Webcam Heart Rate Monitor Brings Photoplethysmography to Your PC

Webcam Heart Rate Monitor Brings Photoplethysmography to Your PC

It seems like within the last ten years, every other gadget to be released has some sort of heart rate monitoring capability. Most modern smartwatches can report your BPMs, and we’ve even seen some headphones with the same ability hitting the market. Most of these devices use an optical measurement method in which skin is illuminated (usually by an LED) and a sensor records changes in skin color and light absorption.
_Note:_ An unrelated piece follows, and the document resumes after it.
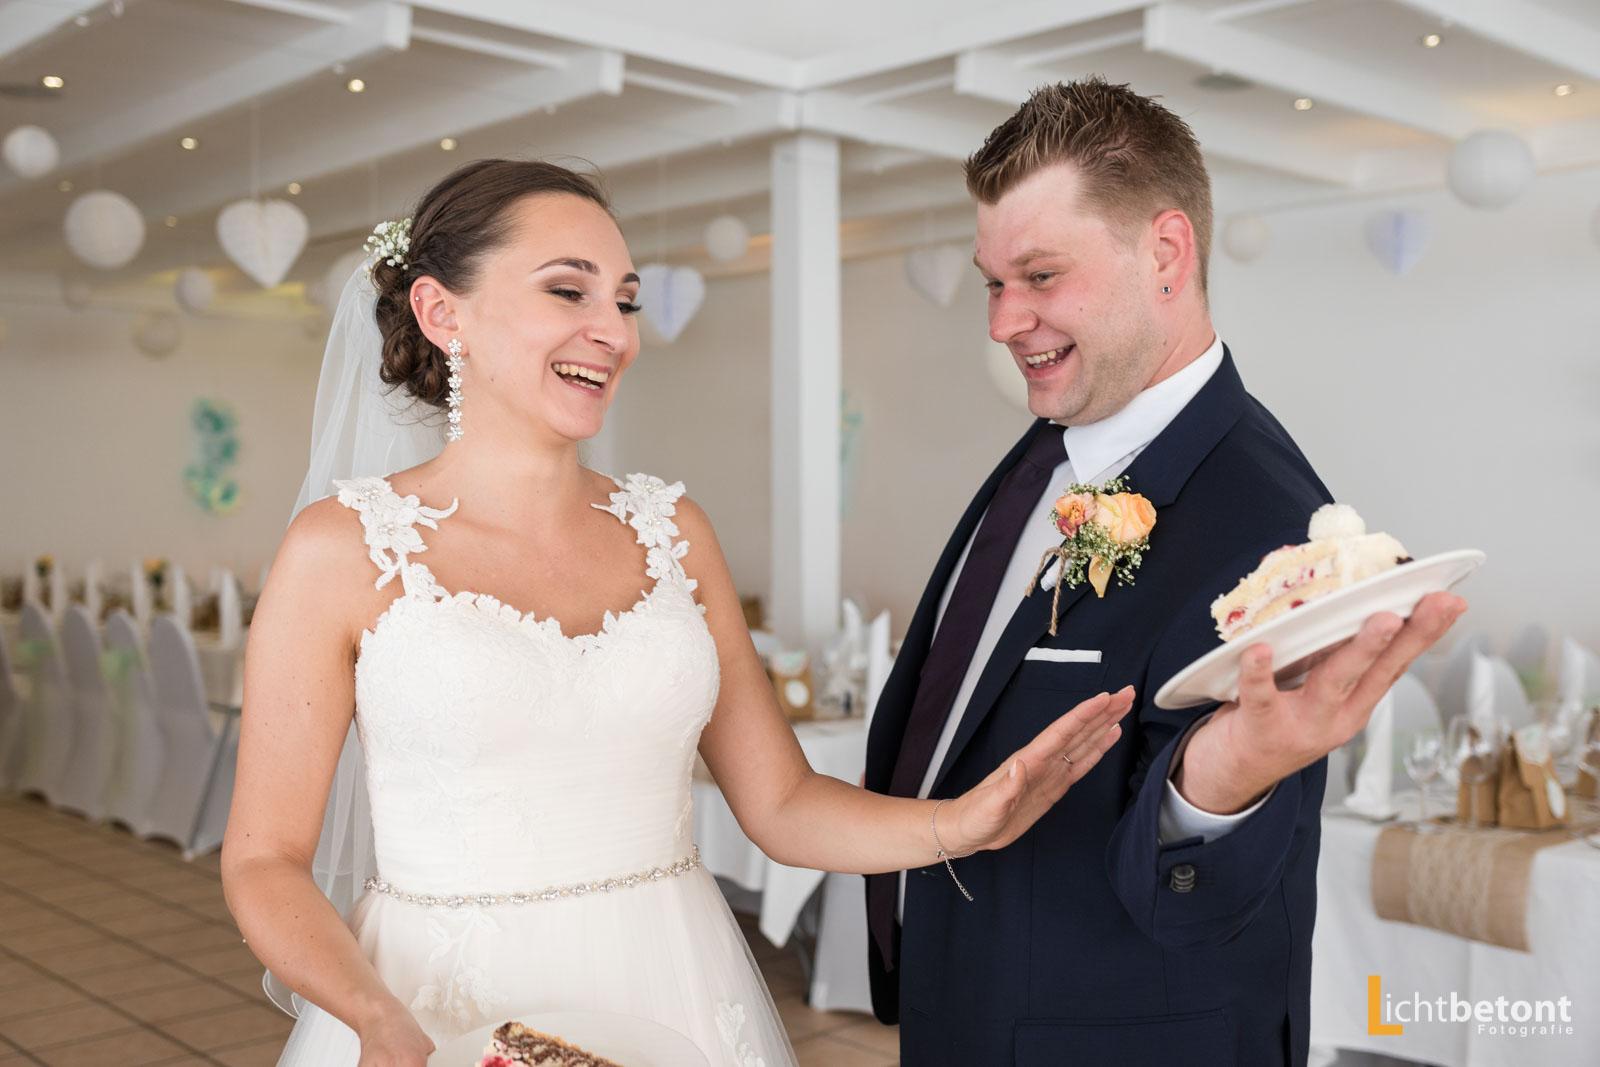 Hochzeitsreportage Seehaus Asam Kirche Ingolstadt Barocksaal Baggersee heiraten Hochzeitsfeier_0048
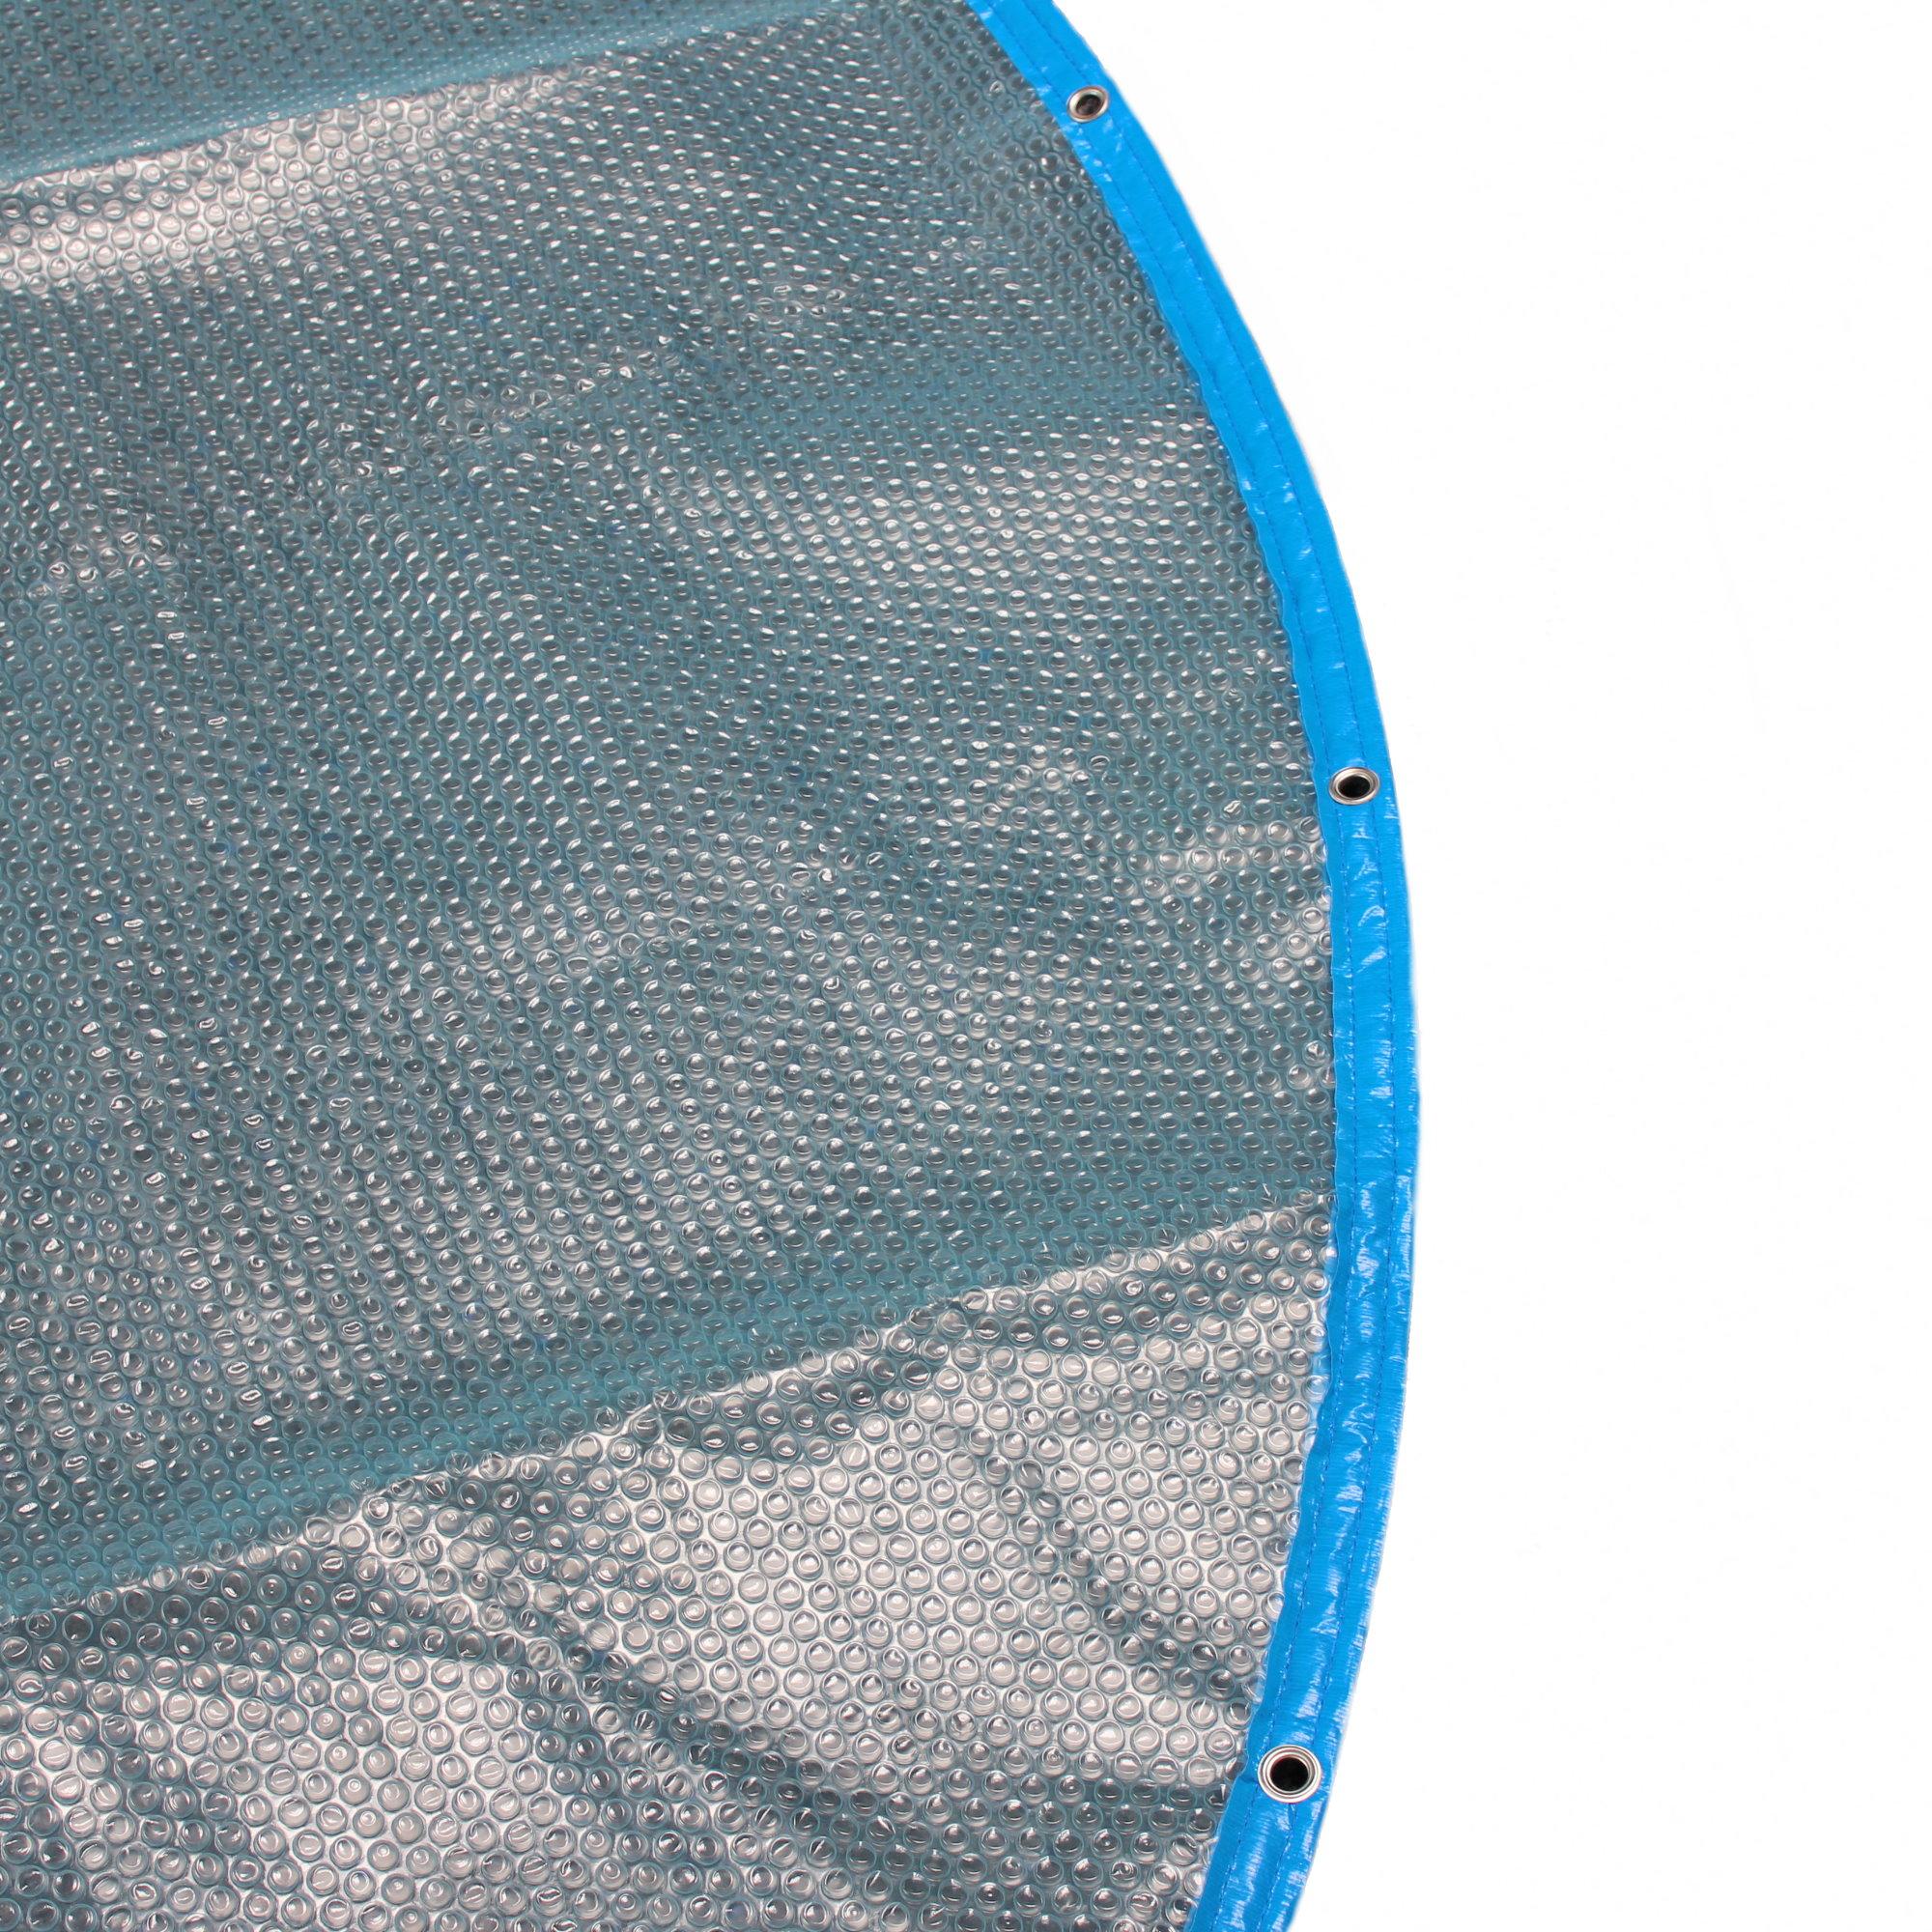 solarabdeckung mit rand und sen 500my blau transluzent. Black Bedroom Furniture Sets. Home Design Ideas

This method is called Photoplethysmography (PPG), and has even been implemented (in a simple form) in smartphone apps in which the data is generated by video of your finger covering the phone camera.


The basic theory of operation here has its roots in an experiment you probably undertook as a child. Did you ever hold a flashlight up to your hand to see the light, filtered red by your blood, shine through? That’s exactly what’s happening here. One key detail that is hard to perceive when a flashlight is illuminating your entire hand, however, is that deoxygenated blood is darker in color than oxygenated blood. By observing the frequency of the light-dark color change, we can back out the heart rate.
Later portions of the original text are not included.